WHAT IS REQUIRED
Your task is to transcribe the lines from the start of the data below through the line containing "Used 2011 Maserati", inclusive, exactly as they stand and without the pictures.

[Collected data]
↓

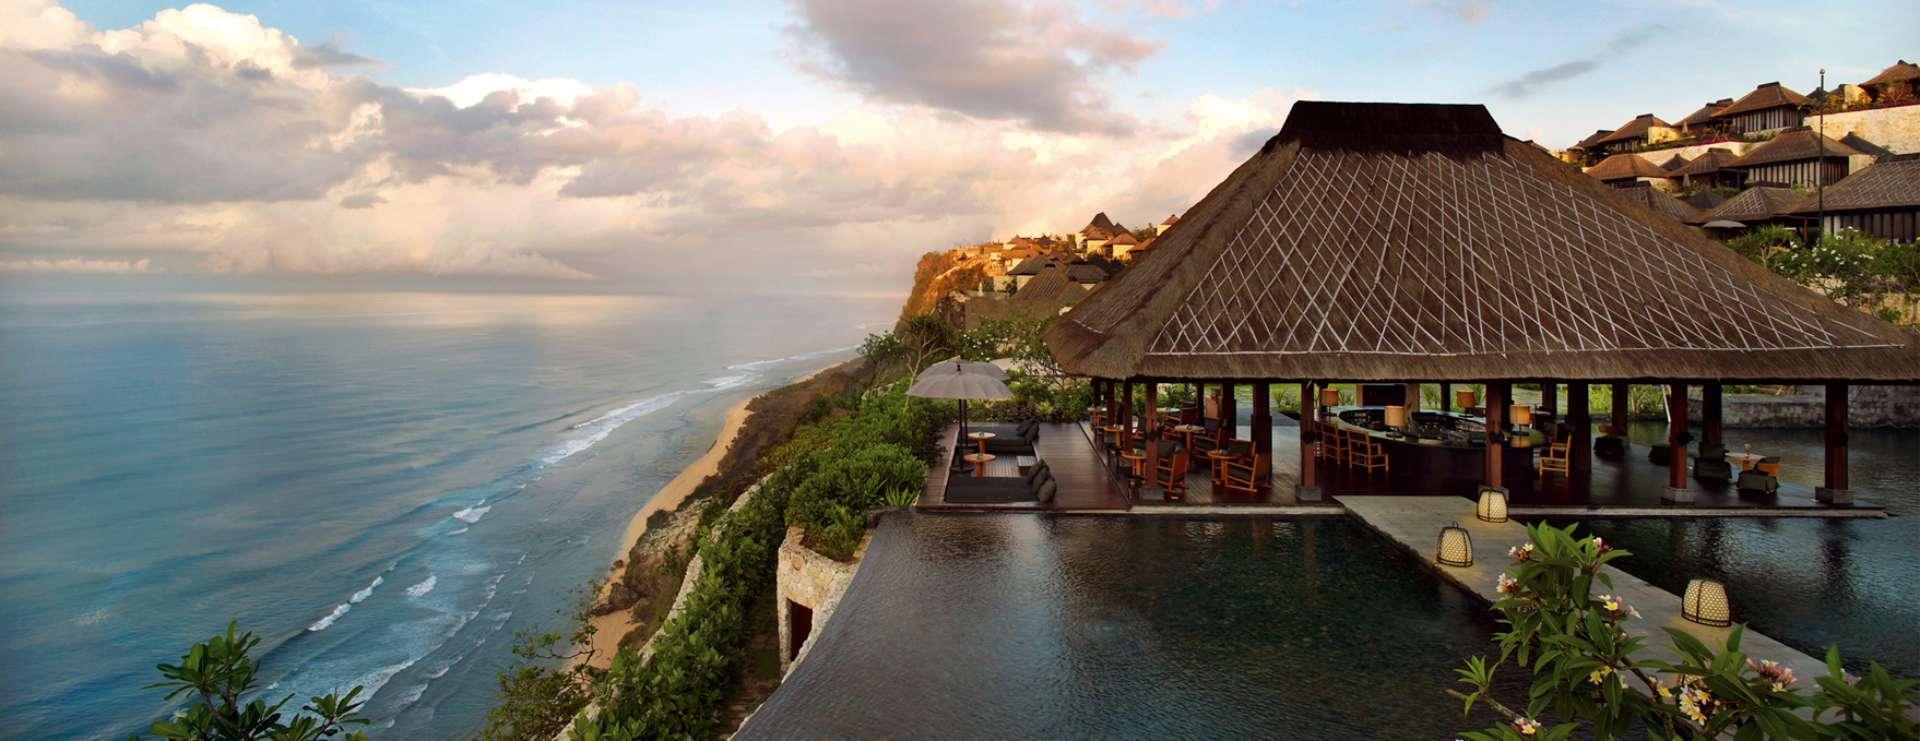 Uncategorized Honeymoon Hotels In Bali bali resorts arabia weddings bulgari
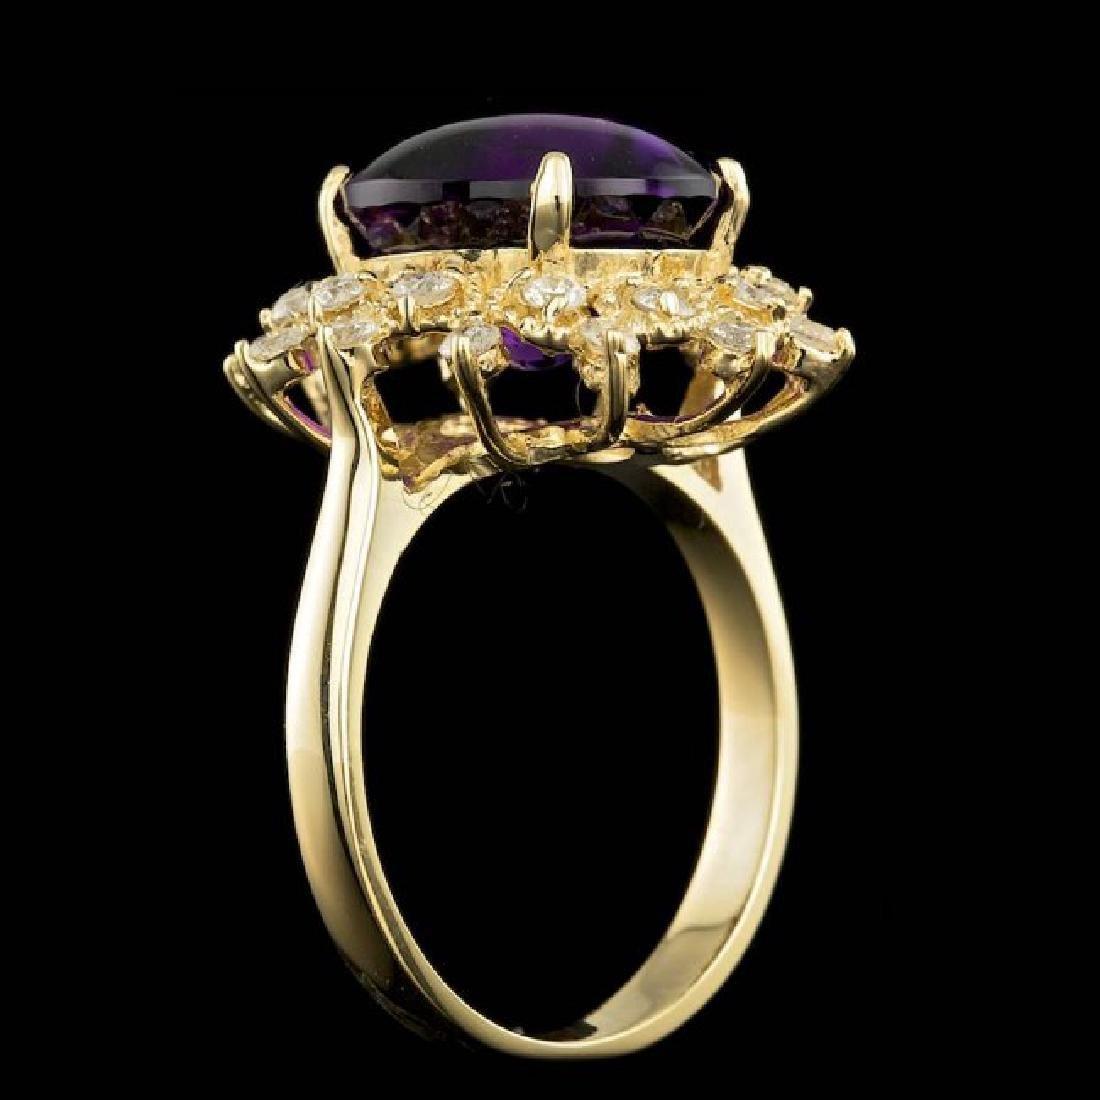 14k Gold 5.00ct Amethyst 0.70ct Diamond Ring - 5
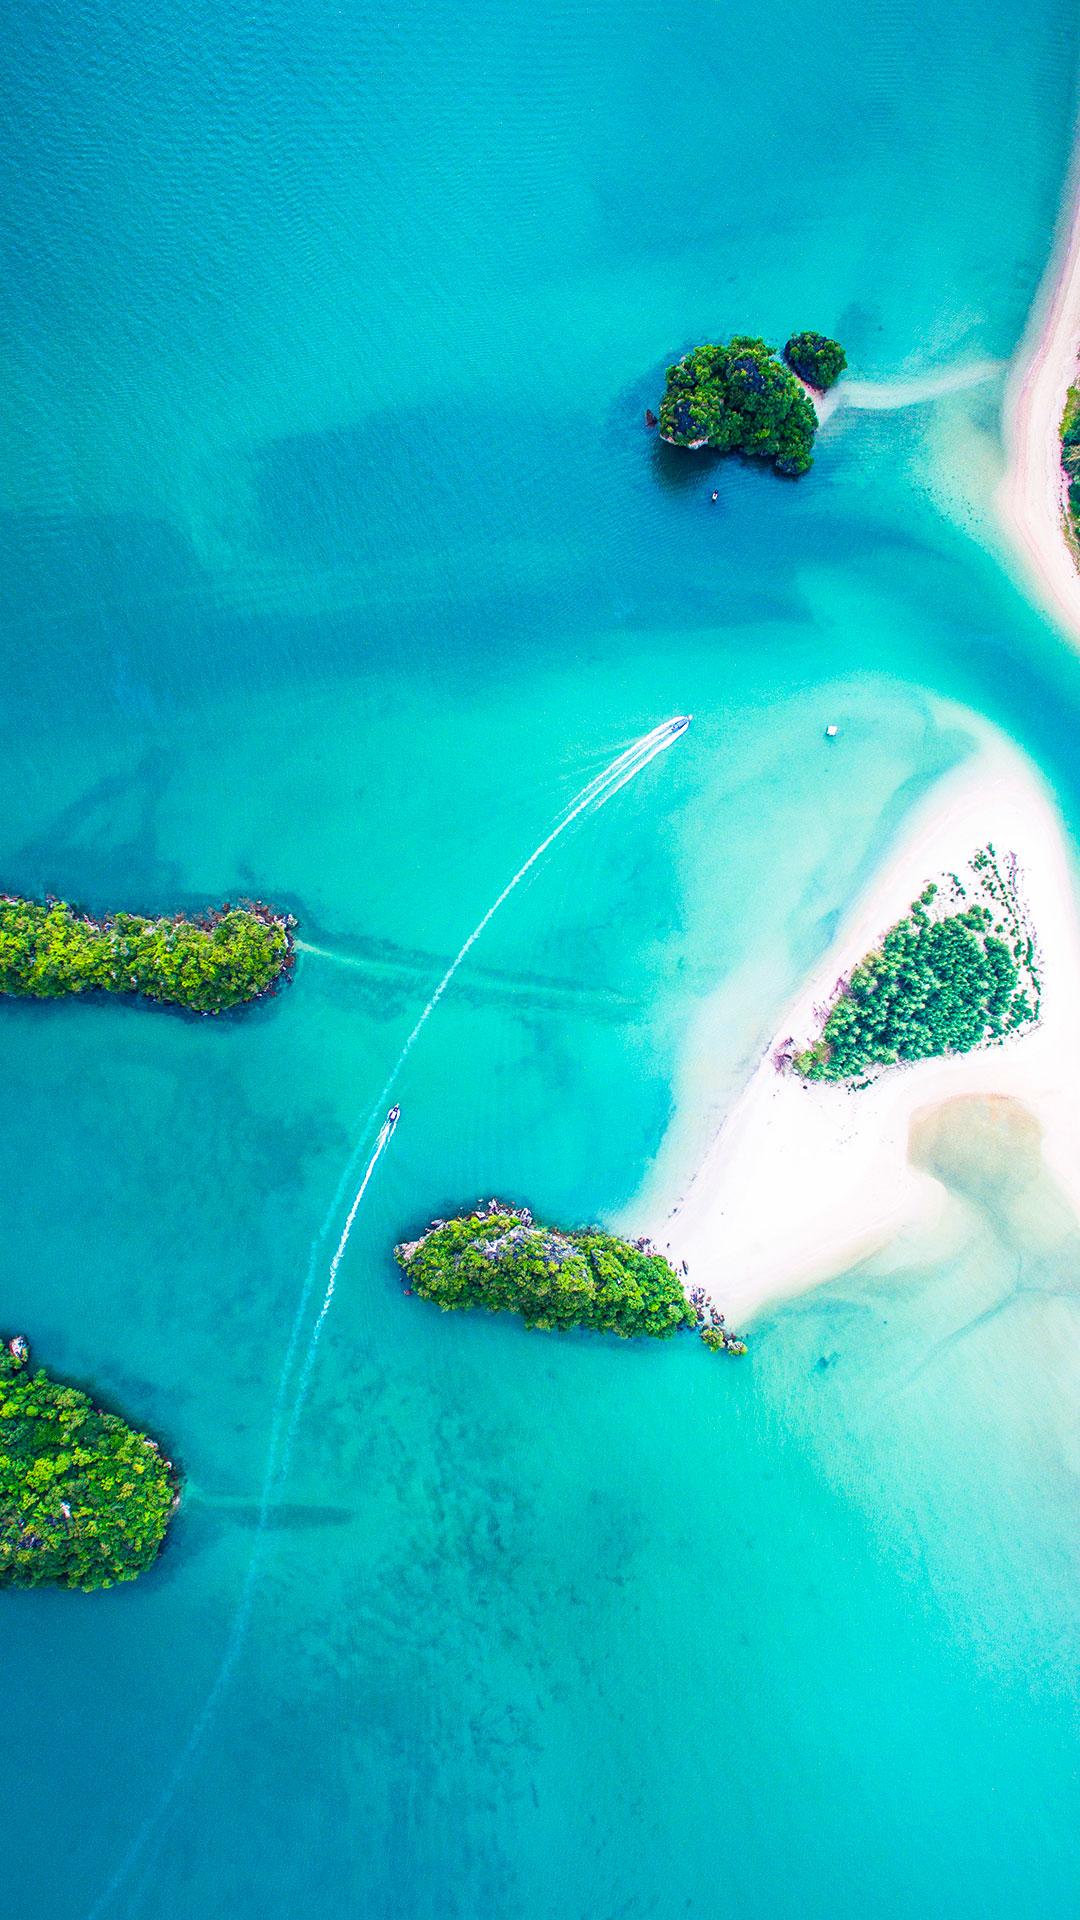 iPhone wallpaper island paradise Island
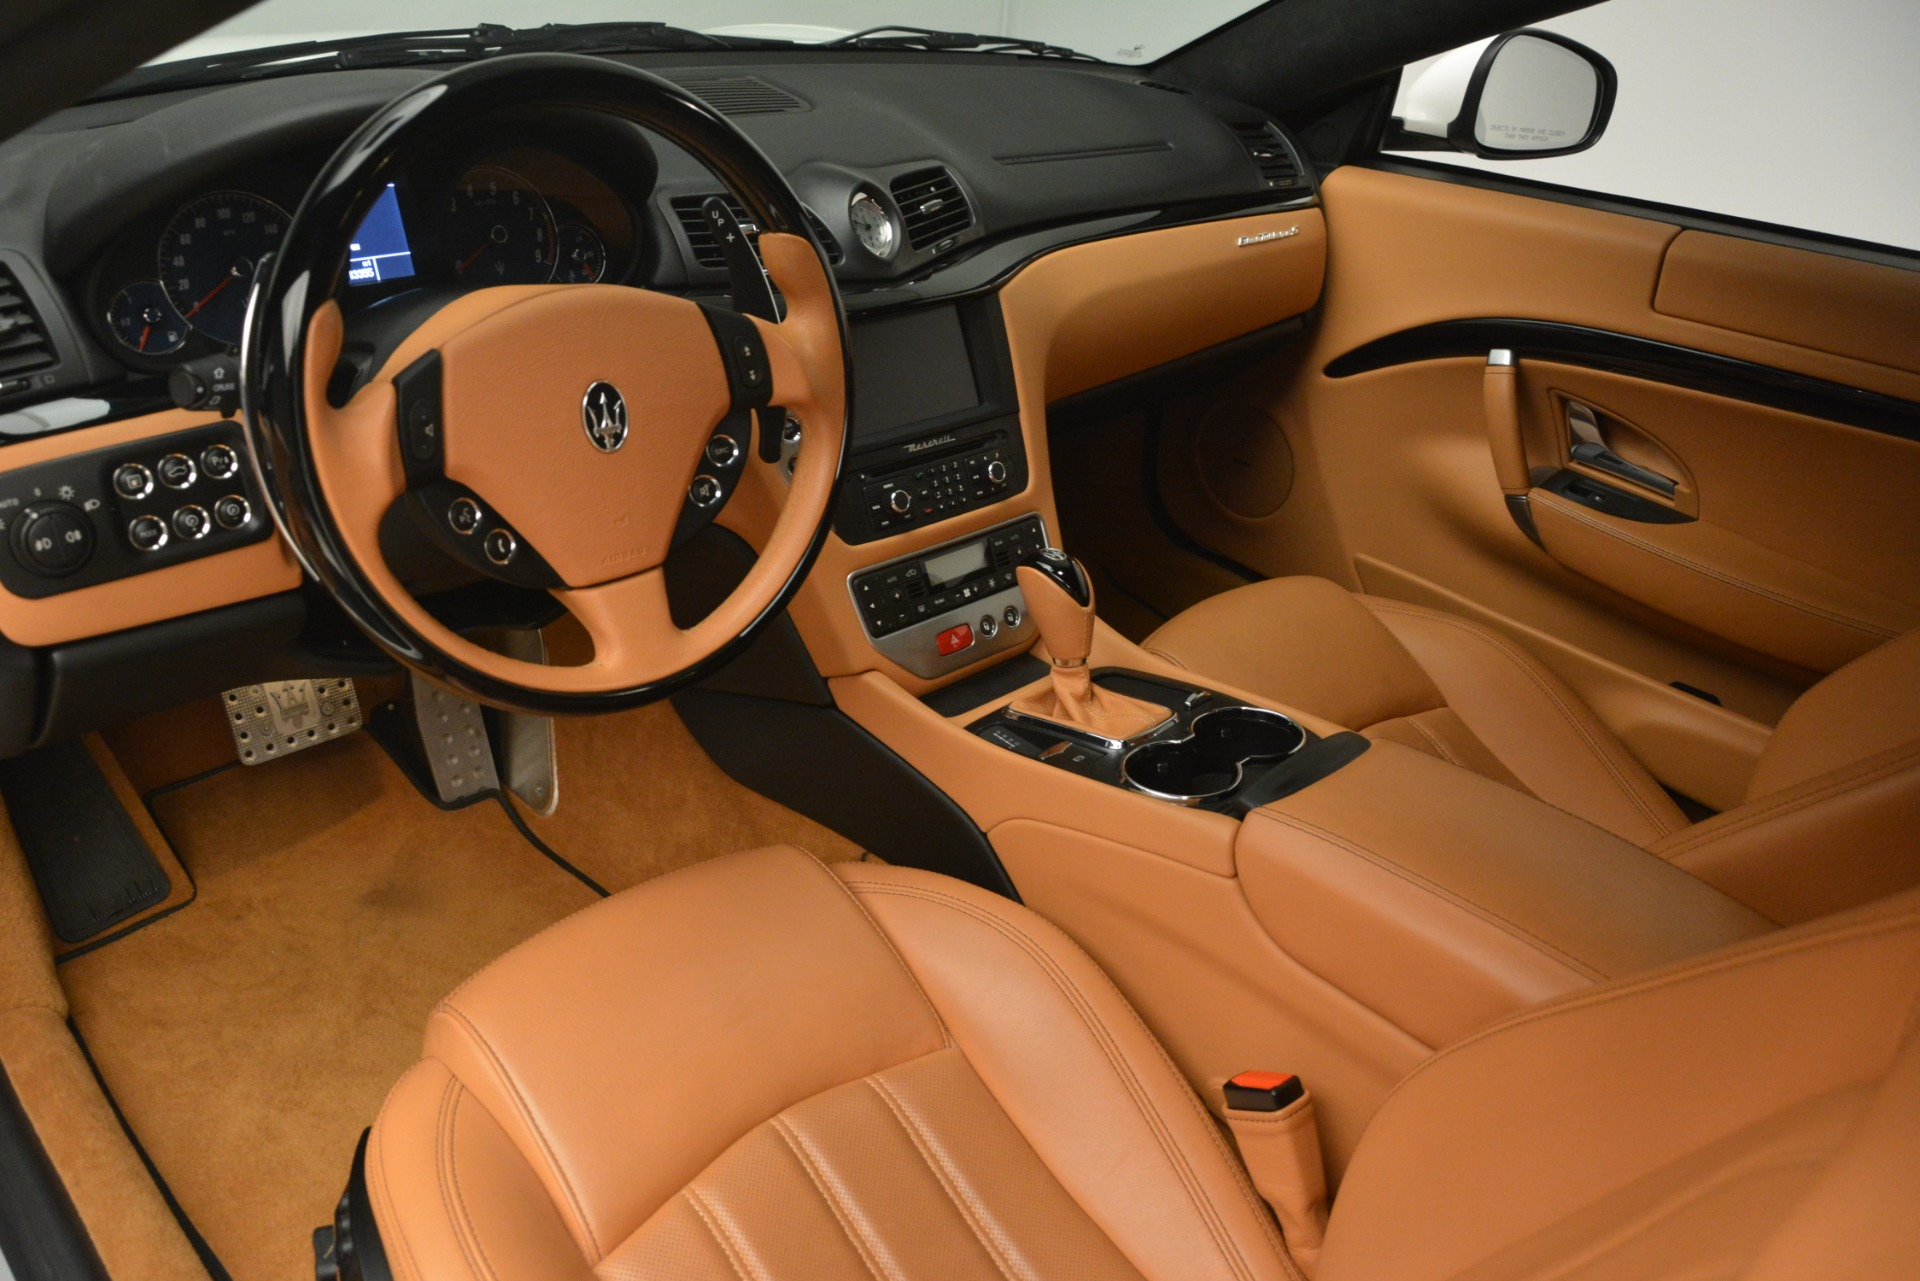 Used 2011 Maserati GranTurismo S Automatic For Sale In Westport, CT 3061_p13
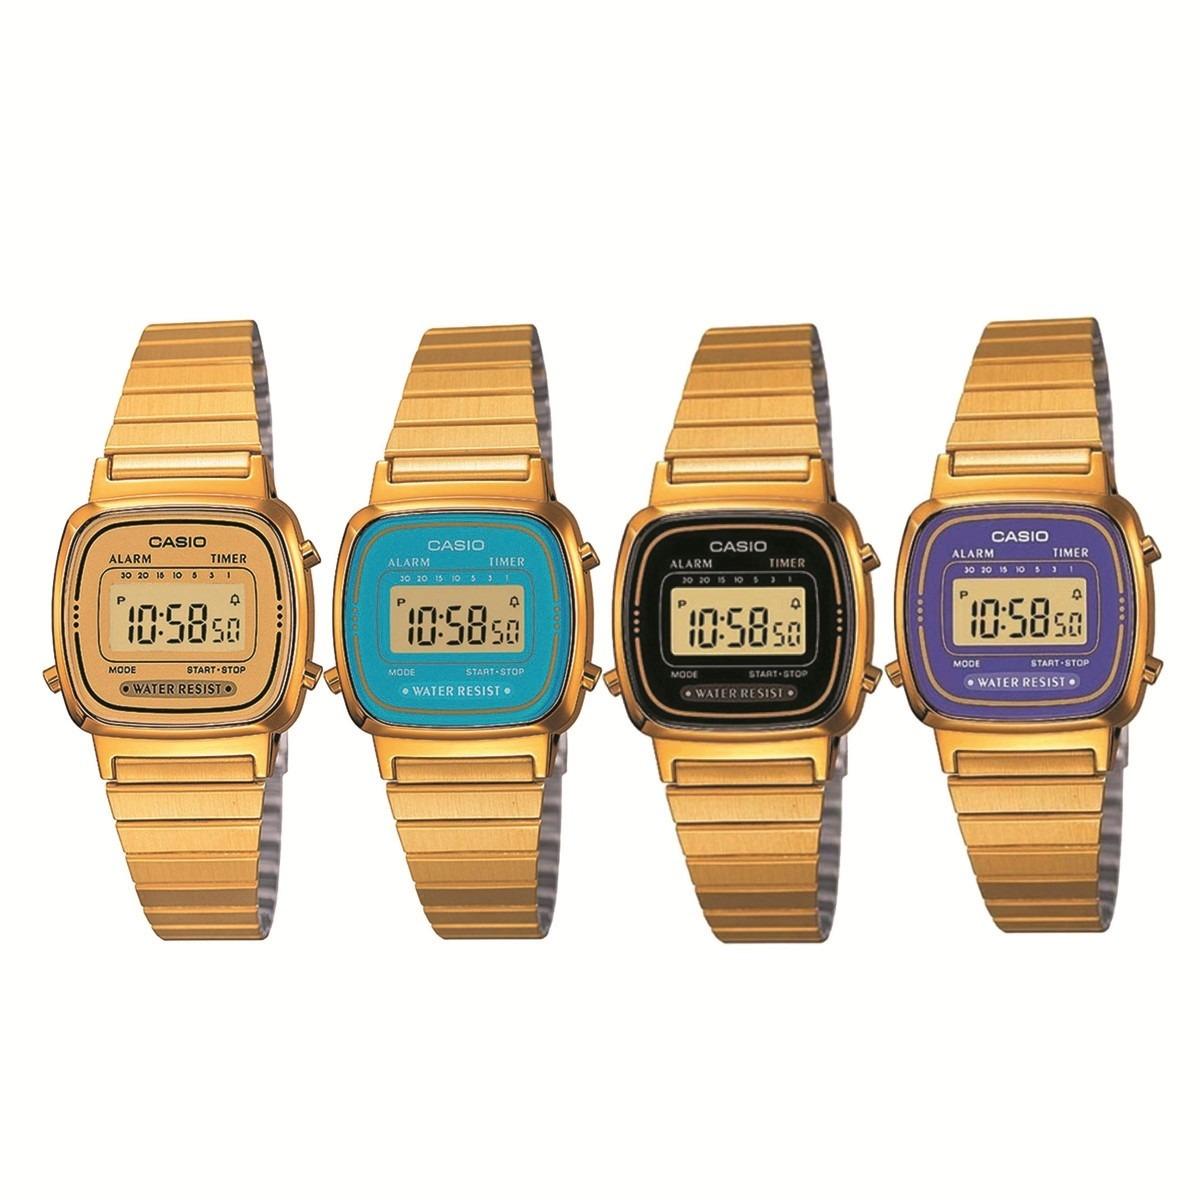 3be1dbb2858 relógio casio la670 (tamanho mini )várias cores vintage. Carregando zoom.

↑

WRITTEN SOLUTION
 Uncategorized Honeymoon Hotels In Bali bali resorts arabia weddings bulgari
 14k Gold 5.00ct Amethyst 0.70ct Diamond Ring - 5
 iPhone wallpaper island paradise Island
 Used 2011 Maserati GranTurismo S Automatic For Sale In Westport, CT 3061_p13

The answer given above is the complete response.